*** Records supplied ***

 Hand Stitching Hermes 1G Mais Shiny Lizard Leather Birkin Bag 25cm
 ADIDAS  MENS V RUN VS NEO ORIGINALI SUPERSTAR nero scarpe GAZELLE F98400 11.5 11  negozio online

*** End of Records supplied ***
*** Records supplied ***

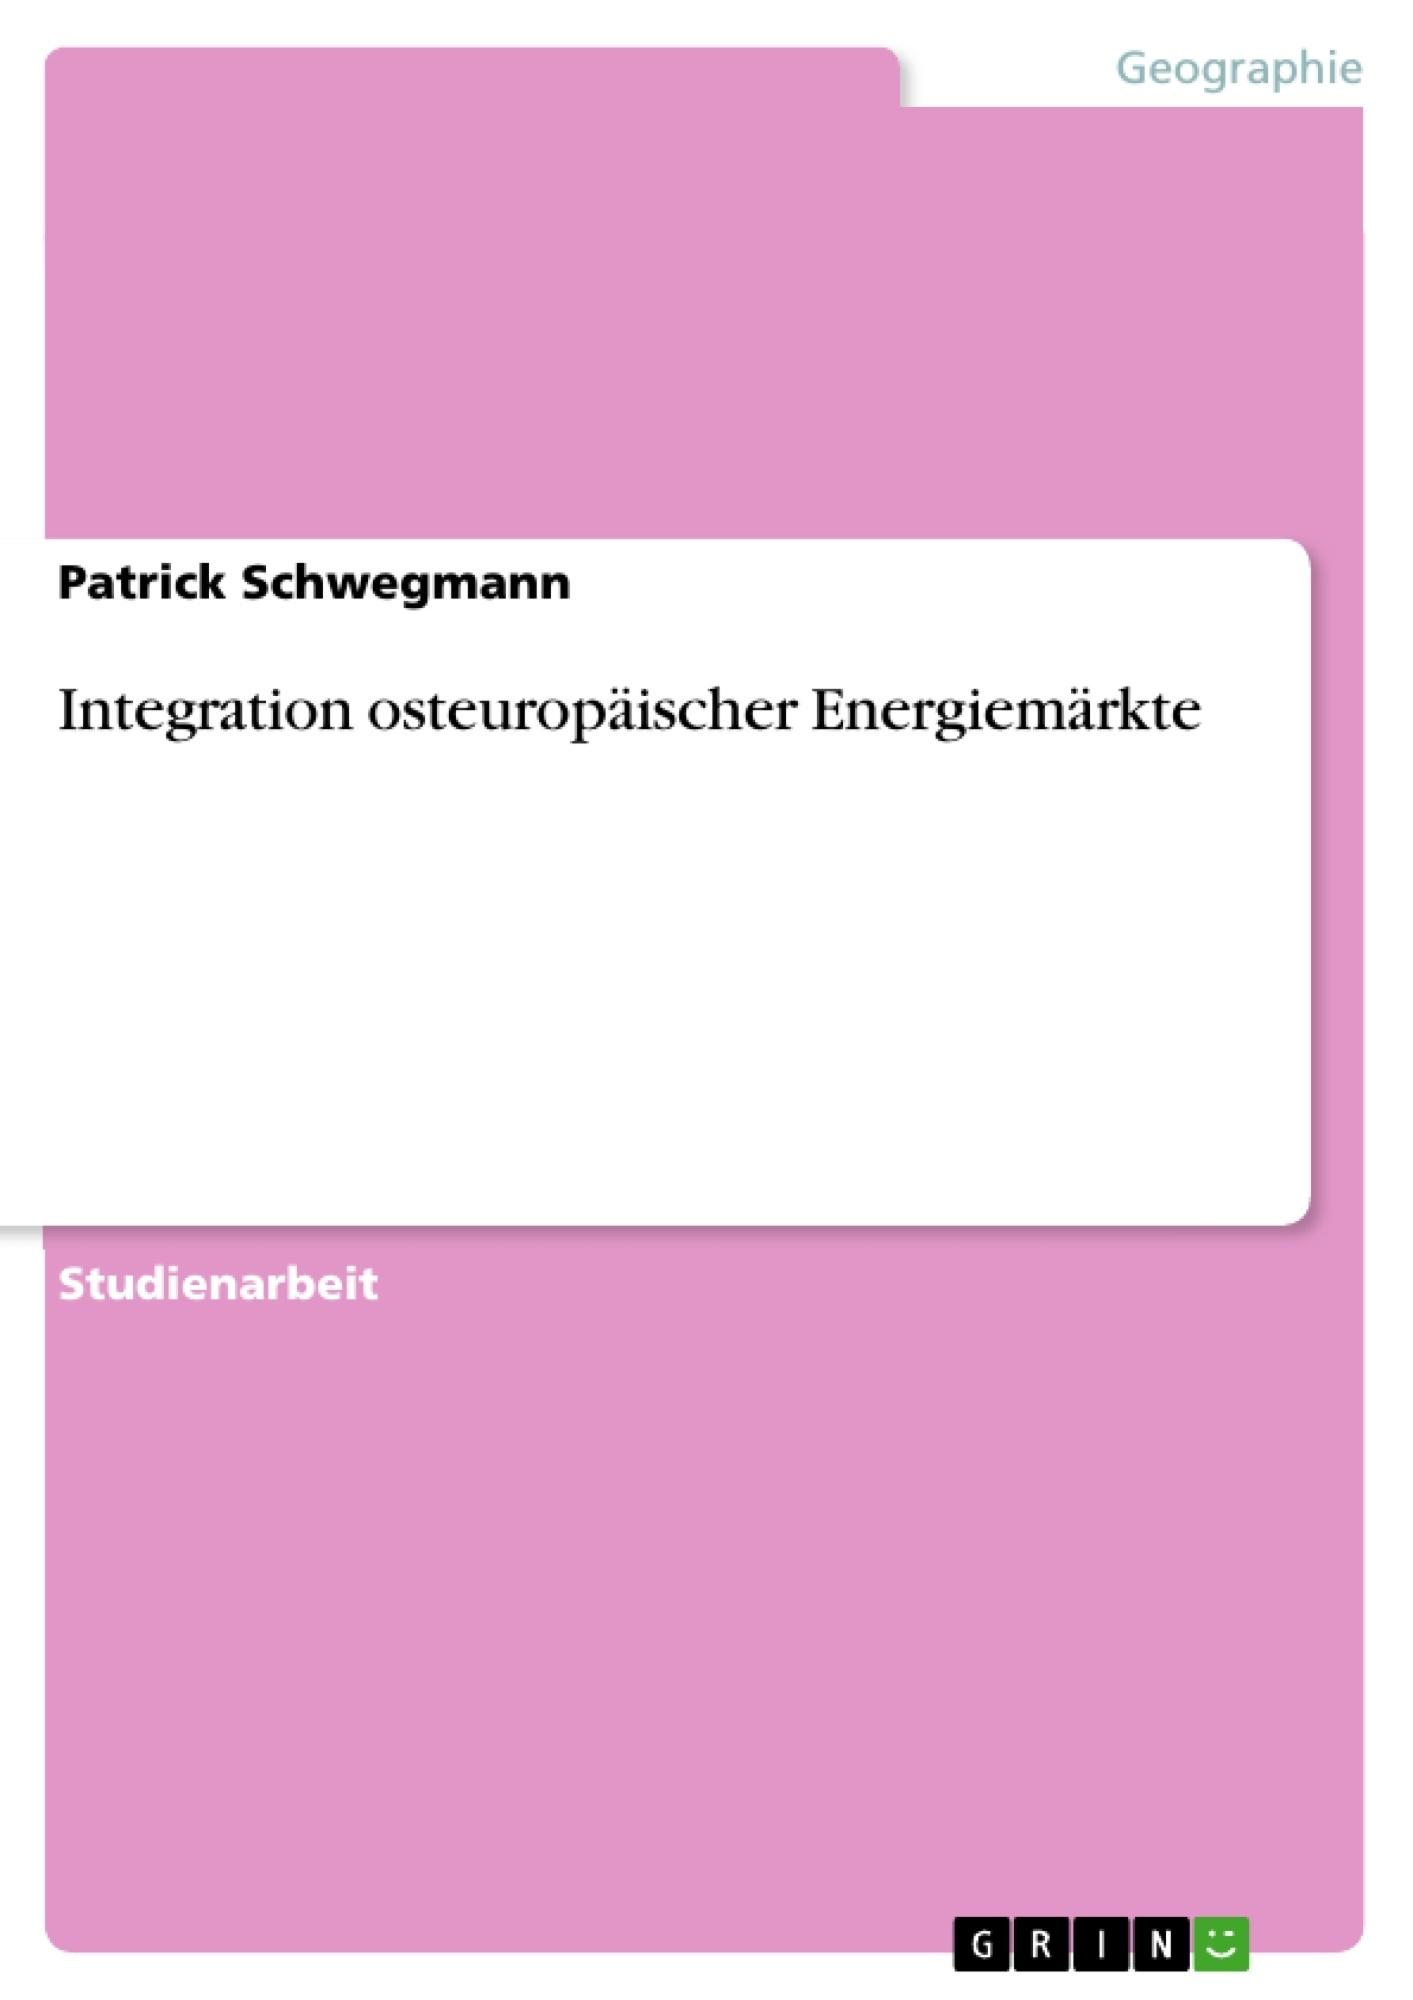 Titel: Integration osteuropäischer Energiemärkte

*** End of Records supplied ***

Retype, in the same exact form, the lines of the material above from the line holding "Hand Stitching Hermes" through the line holding "VS NEO ORIGINALI".

== Response for this exercise ==
 Hand Stitching Hermes 1G Mais Shiny Lizard Leather Birkin Bag 25cm
 ADIDAS  MENS V RUN VS NEO ORIGINALI SUPERSTAR nero scarpe GAZELLE F98400 11.5 11  negozio online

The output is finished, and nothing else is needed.